— What to produce —
Images should be omitted while the rest of the data is duplicated exactly.

— Information shown —

>>>

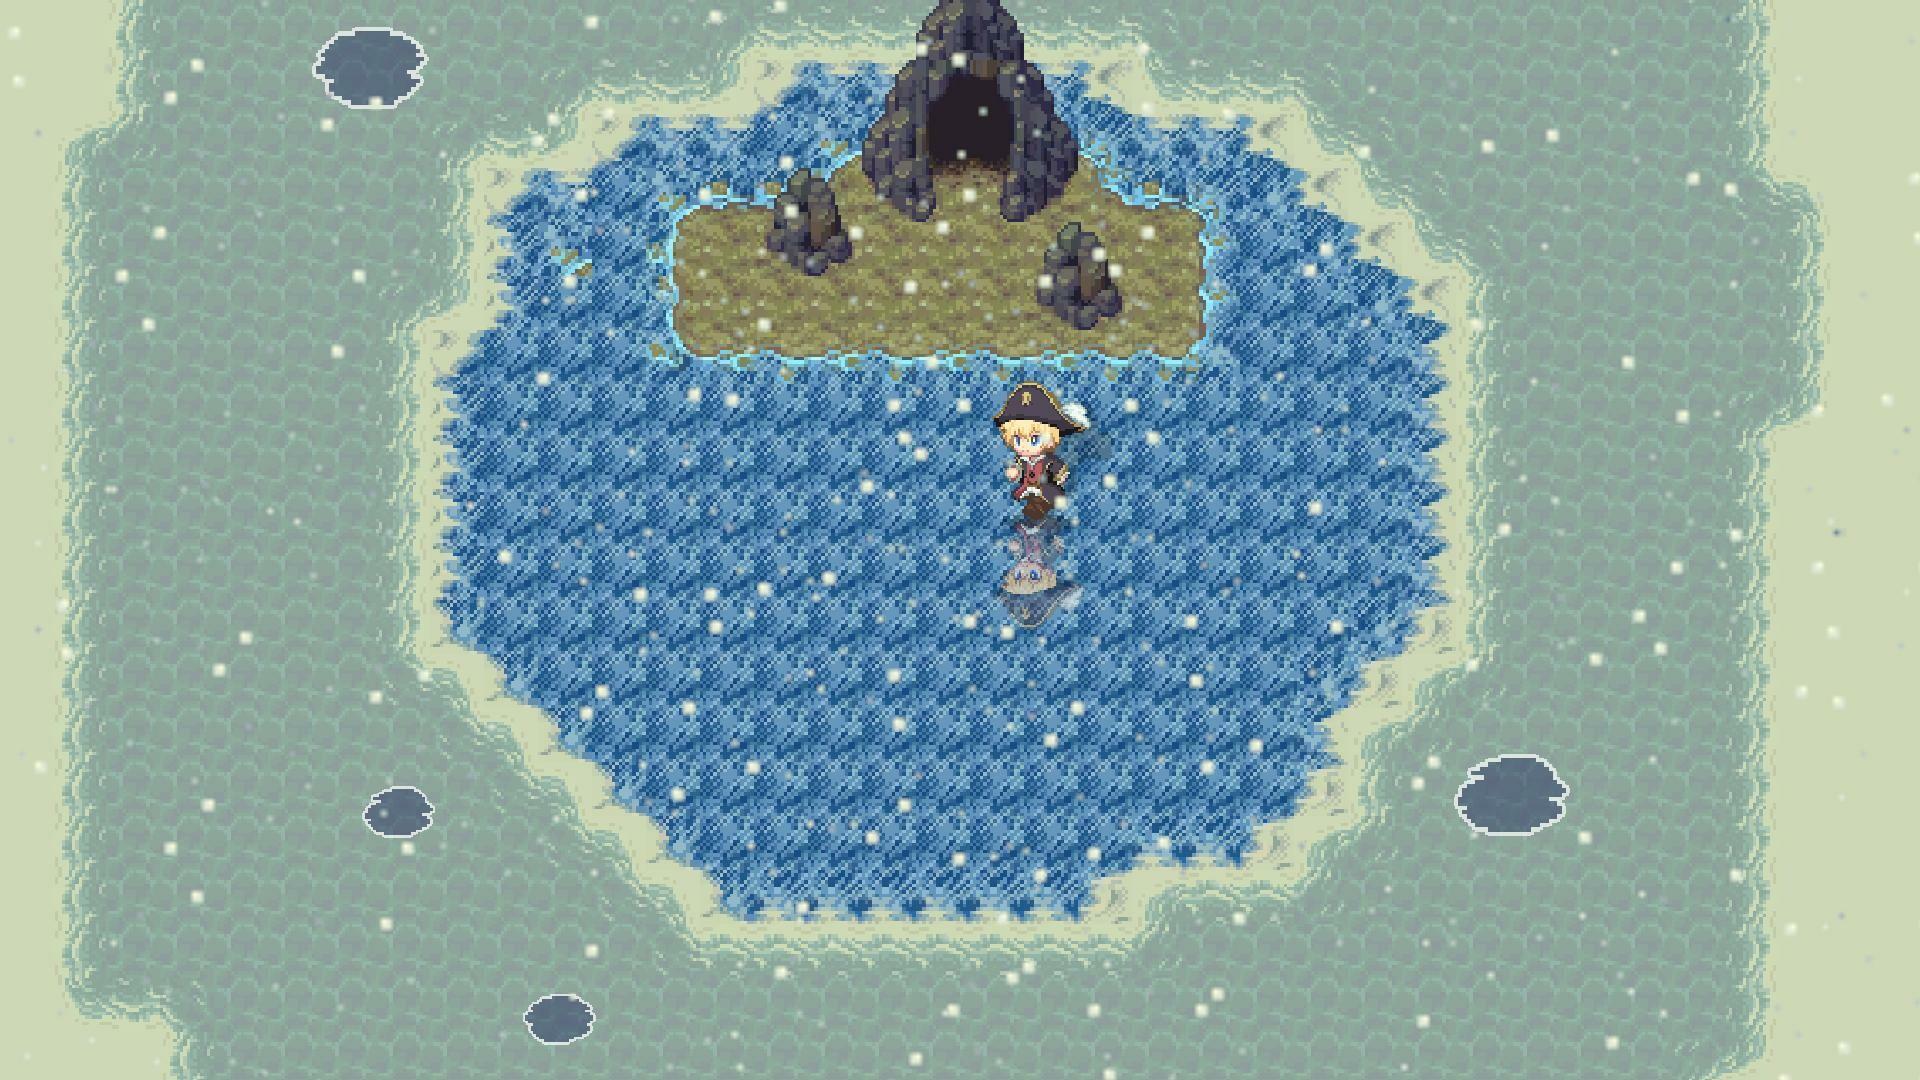 Sea Fantasy screenshot game
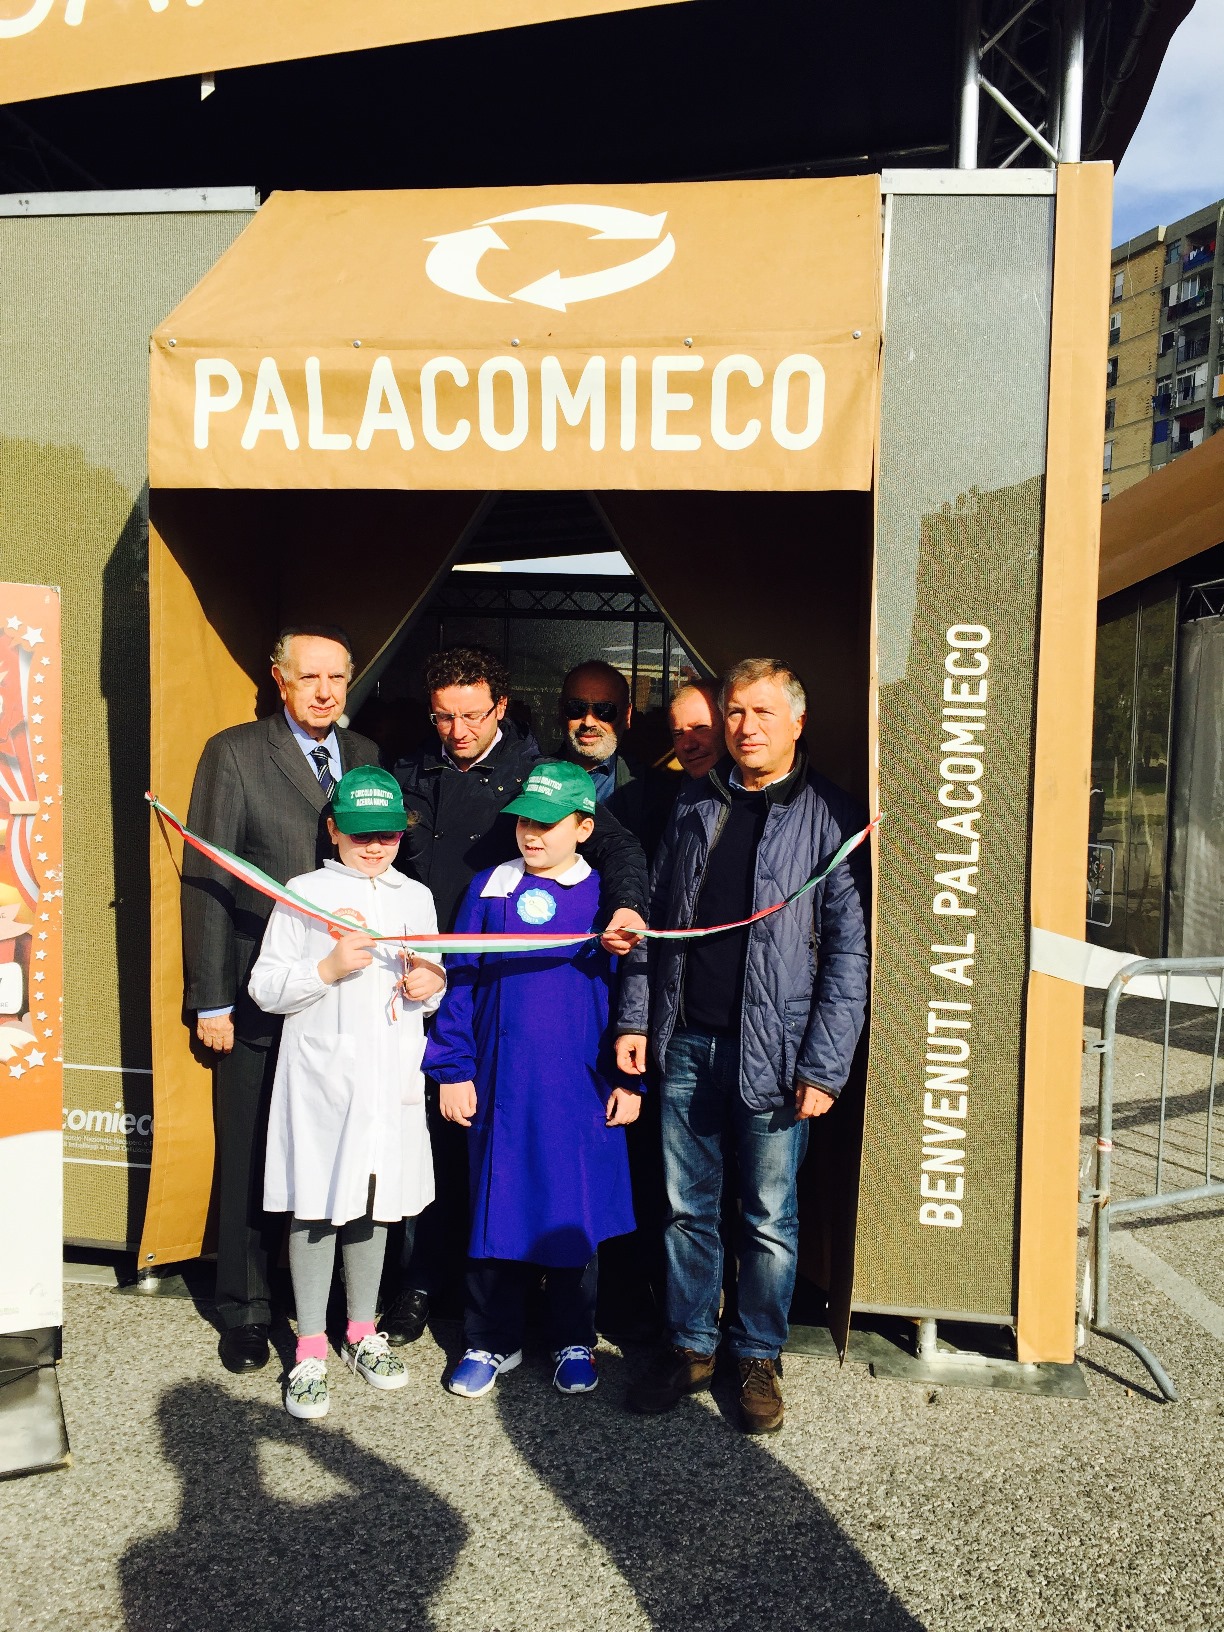 Acerra ospita la terza tappa del PalaComieco organizzato da Comieco - La Rampa (Comunicati Stampa) (Registrazione) (Blog)
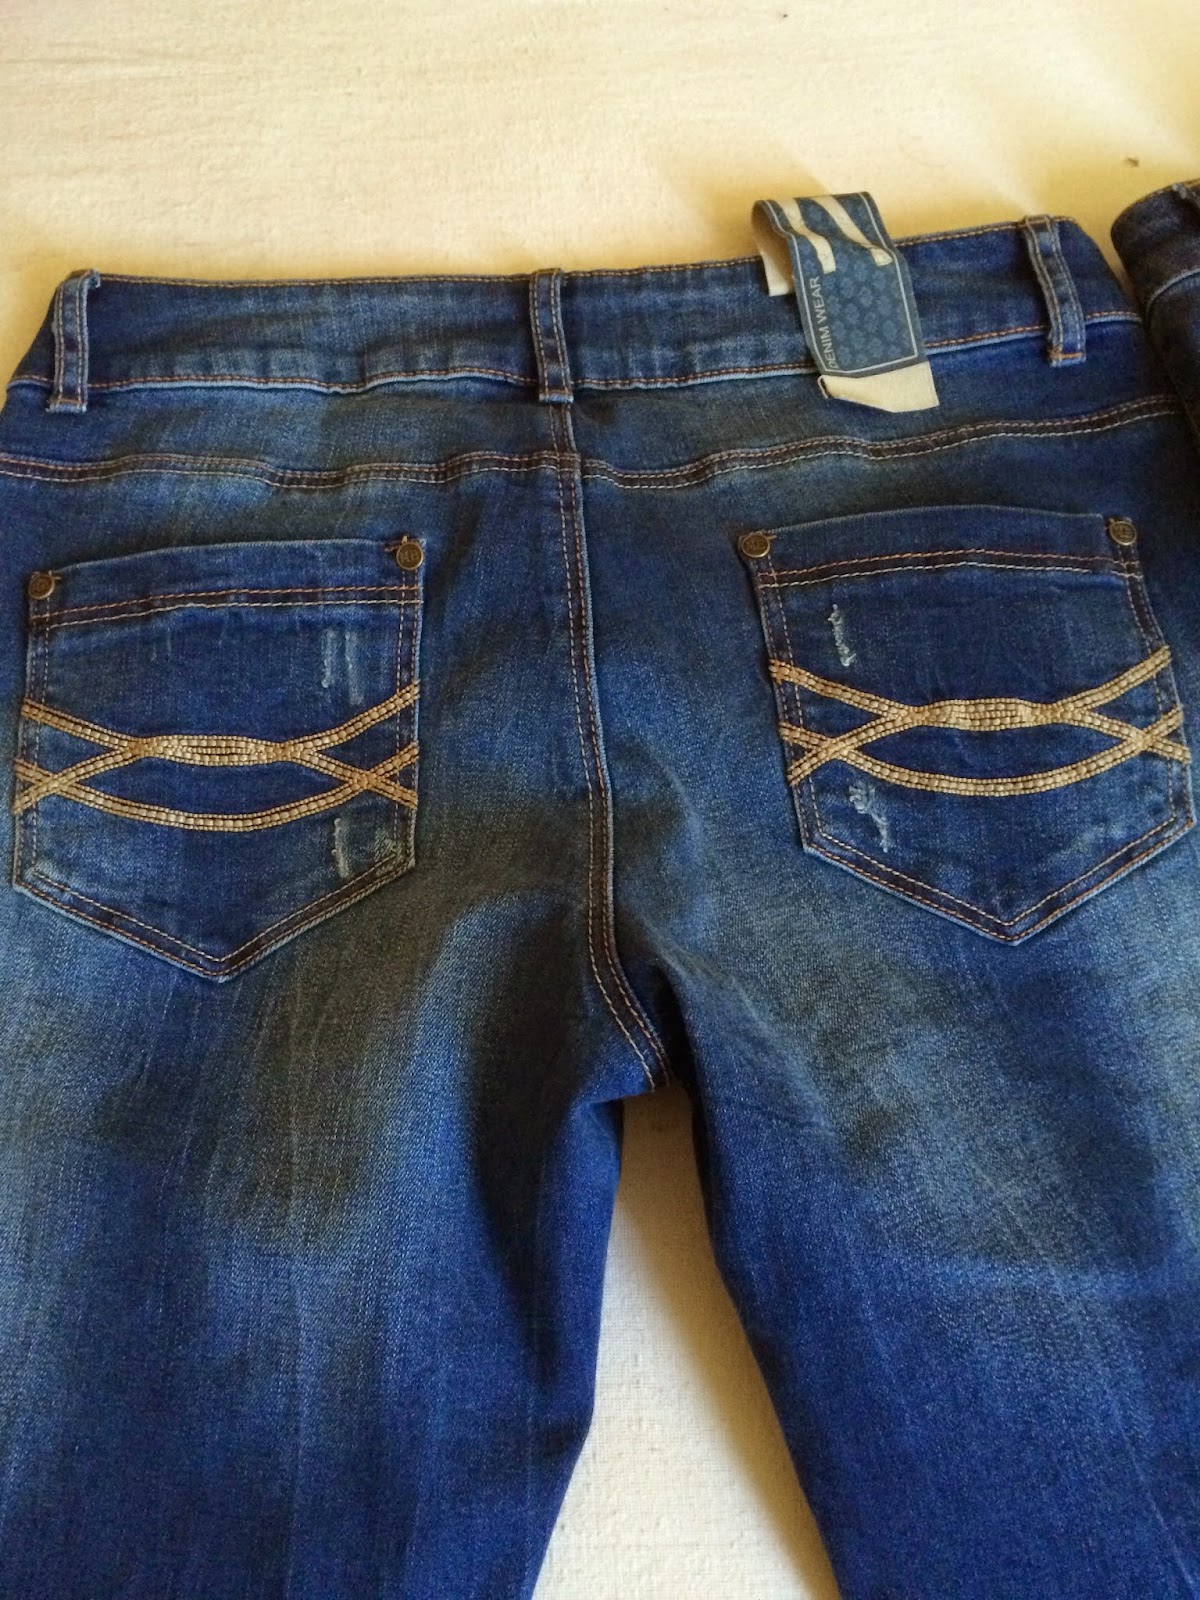 *Werbung* Shoptest Jeans Fritz 5
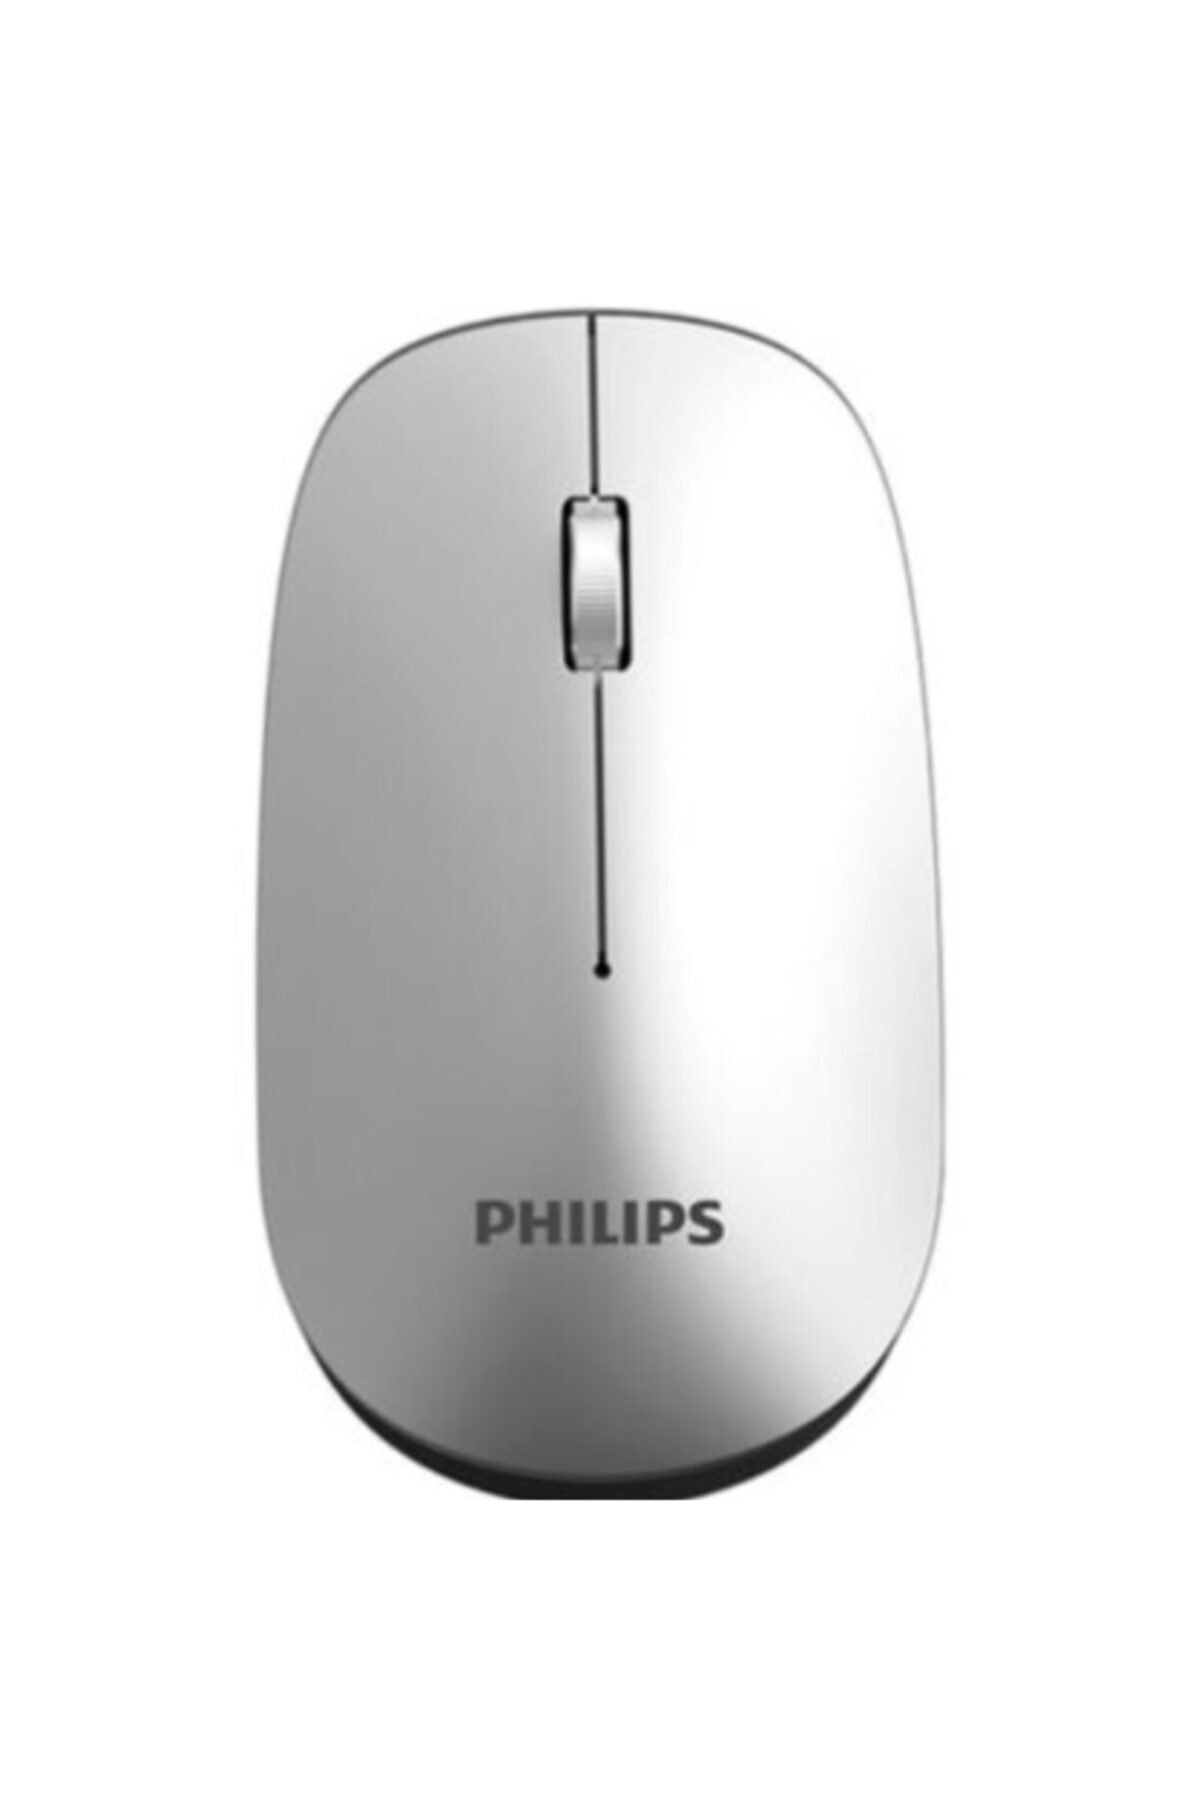 Philips Gümüş M305 Spk7305 Kablosuz Mouse Pil Hediyeli 2.4ghz 800/1000/1200/1600dpi

<<<

— Finished exercise —
 Sea Fantasy screenshot game
 Acerra ospita la terza tappa del PalaComieco organizzato da Comieco - La Rampa (Comunicati Stampa) (Registrazione) (Blog)
 *Werbung* Shoptest Jeans Fritz 5
 Philips Gümüş M305 Spk7305 Kablosuz Mouse Pil Hediyeli 2.4ghz 800/1000/1200/1600dpi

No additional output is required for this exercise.